Is there a complete list on internet? for example 'w' sound /wə/

  • Often, English letters make sounds in groups rather than as single letters. These may be called "phonograms." – herisson Oct 12 '16 at 11:04
  • As a very, very, very general guideline, <a> /ə/ when unstressed, /æ/ when stressed and followed by two or more consonants in spelling (or one consonant at the word's end), and /eɪ/ when stressed and followed by one consonant then a vowel. – J. Siebeneichler Oct 12 '16 at 14:38
  • For teaching children the alphabet, there are many books, flash cards, videos and such that have exactly the kind of information you describe; A is for apple is indeed probably the most universal example across all of these (it's not totally universal, since it doesn't necessarily fit the theme/rhyme etc.). You could look at some of these to get ideas for teaching. Just remember that, as suggested in the answer below, these simplified versions for kids and babies won't fully represent the ways the 26 letters of the alphabet are actually used in (adult) English. – 1006a Oct 12 '16 at 19:16
5

It’s really the other way around. Depending on dialect, and how you count, English has up to 27 different vowel sounds (phonemes), but only 5–6 letters to represent them (sometimes alone, sometimes in combination). Similarly, there are 24 consonant sounds, but only 21 letters to represent them.

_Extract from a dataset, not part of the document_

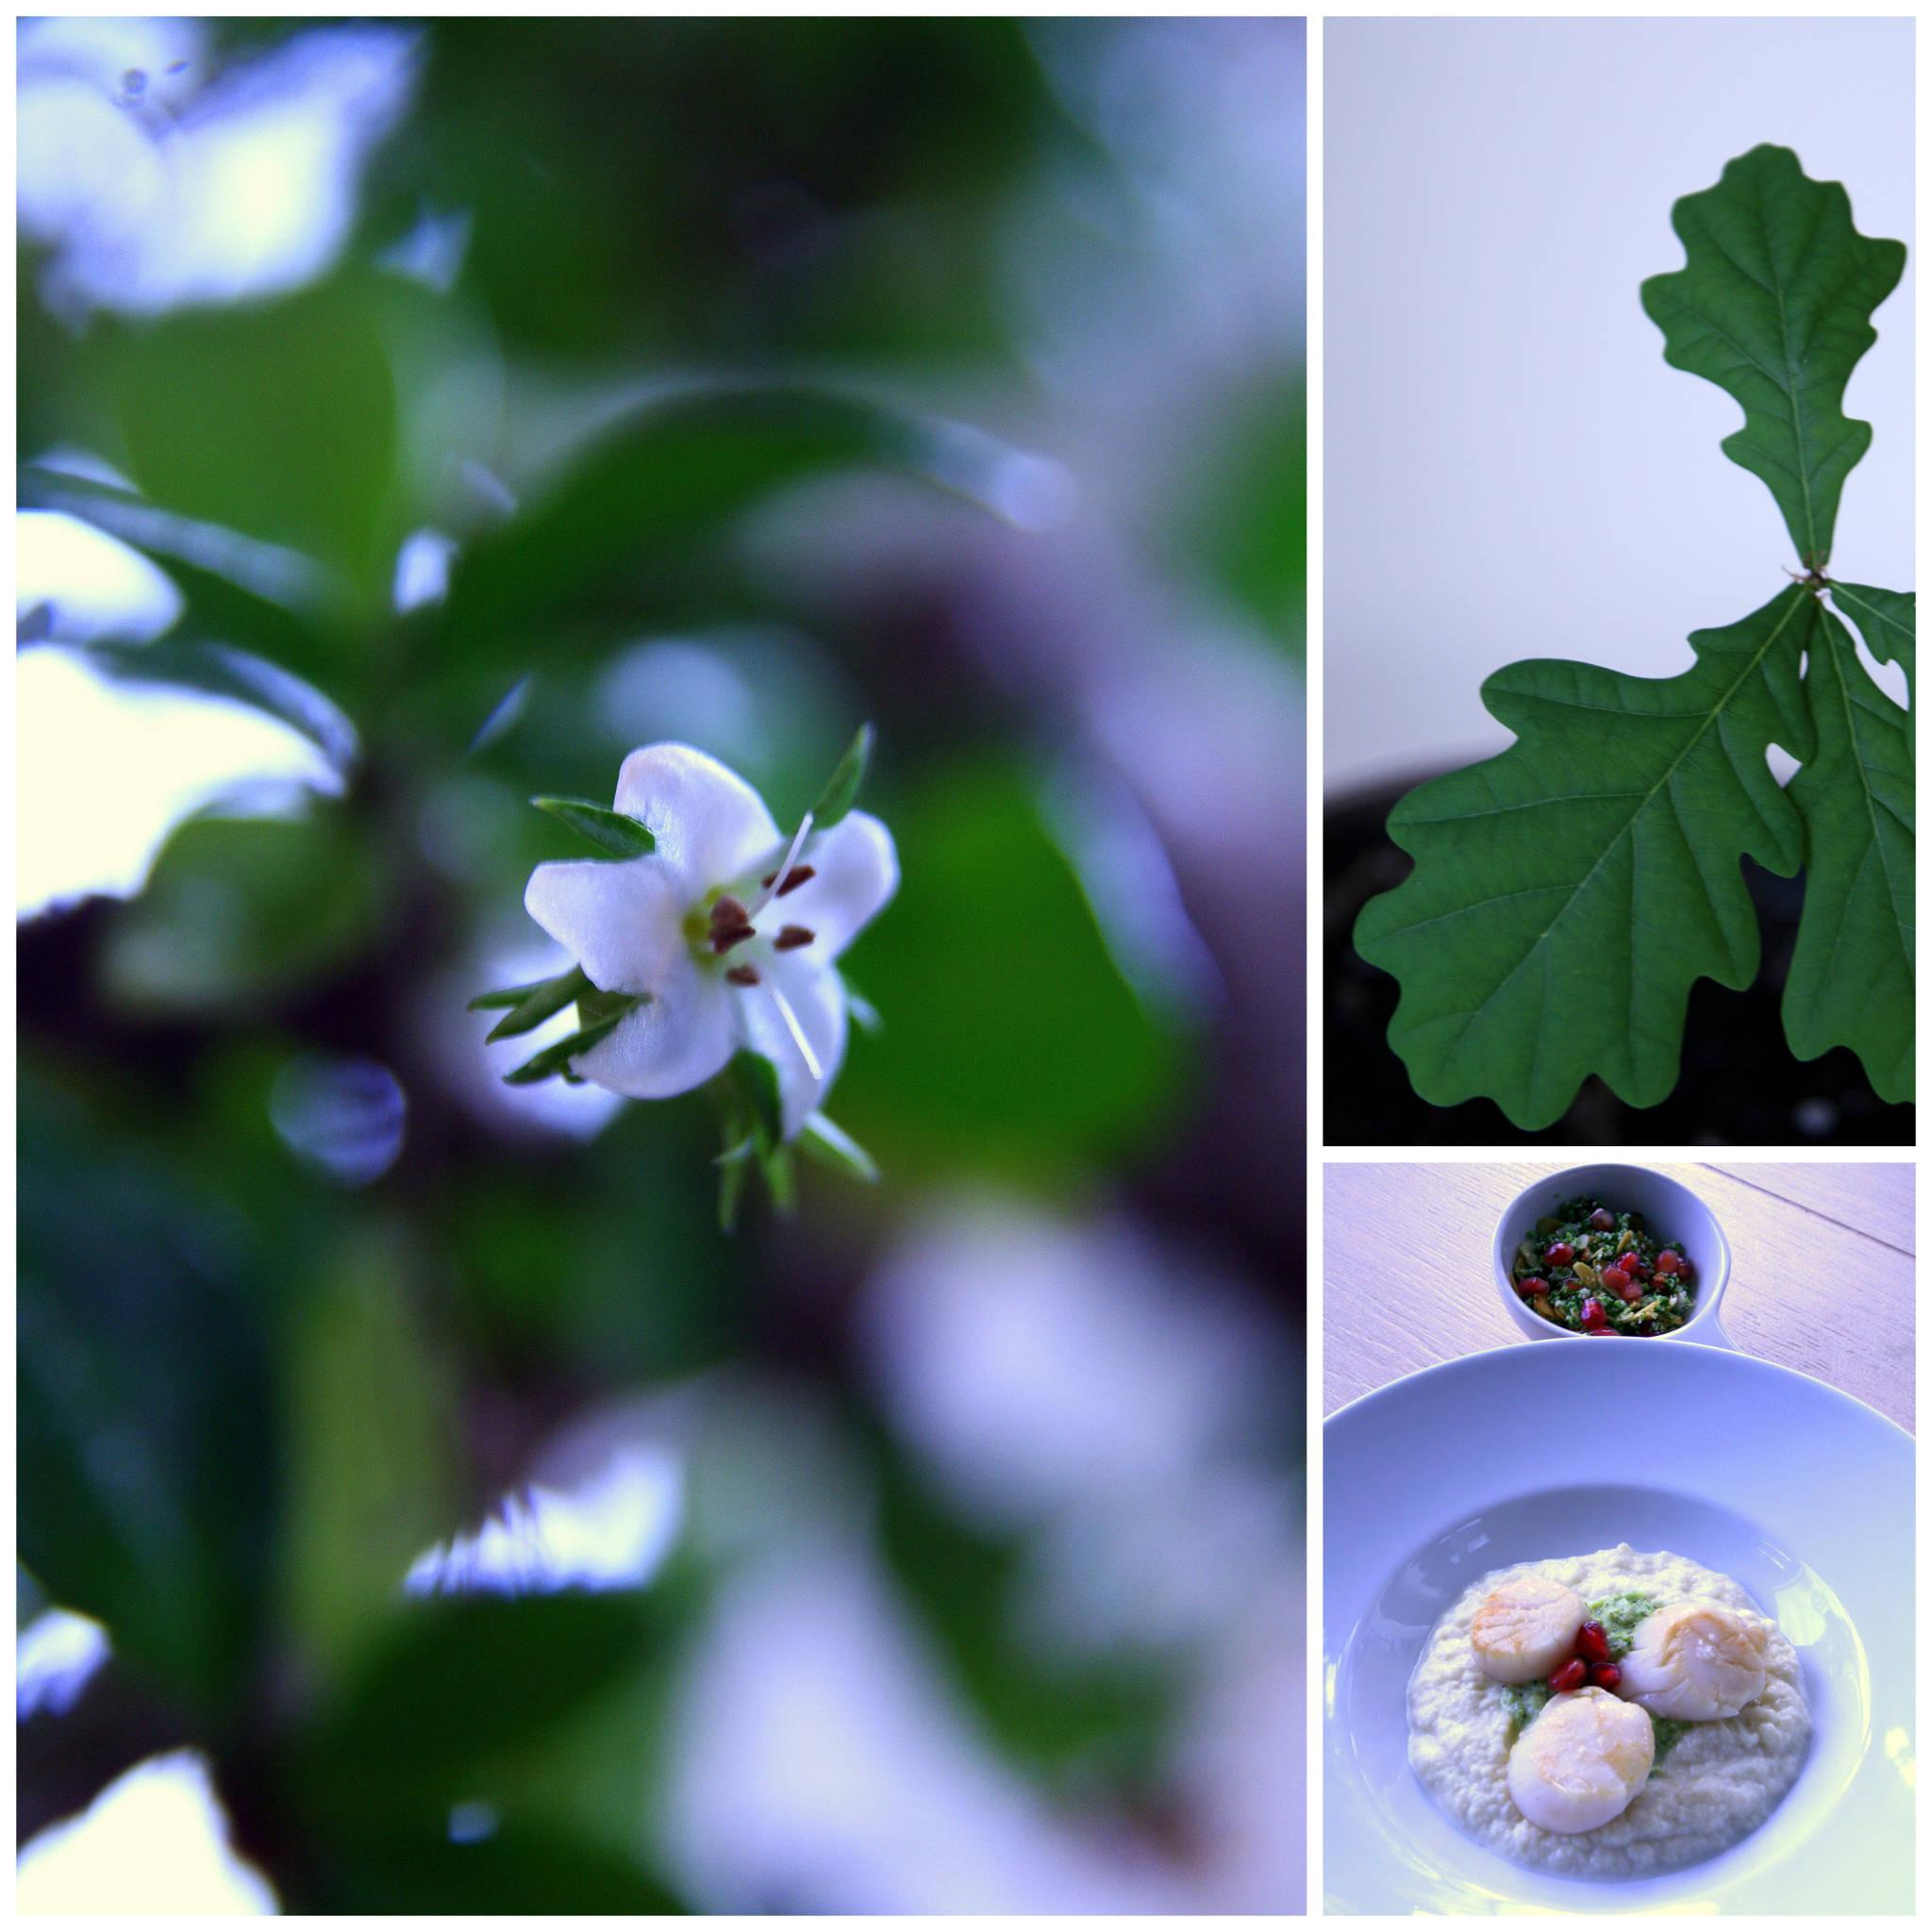 Chou fleur & brocoli en cru et cuit - Saint-Jacques snackées, taboulé à la grenade

What this means is that any given letter may be pronounced in multiple ways, depending on the word or context. For example, the letter A represents different sounds in the words TRAP, BATH, PALM, FACE, START, and SQUARE (though some will be the same, depending on dialect).

The closest thing to what you are looking for is probably the “spelling-to-sound correspondences” section of the Wikipedia article on English orthography. The article on English phonology may also be helpful.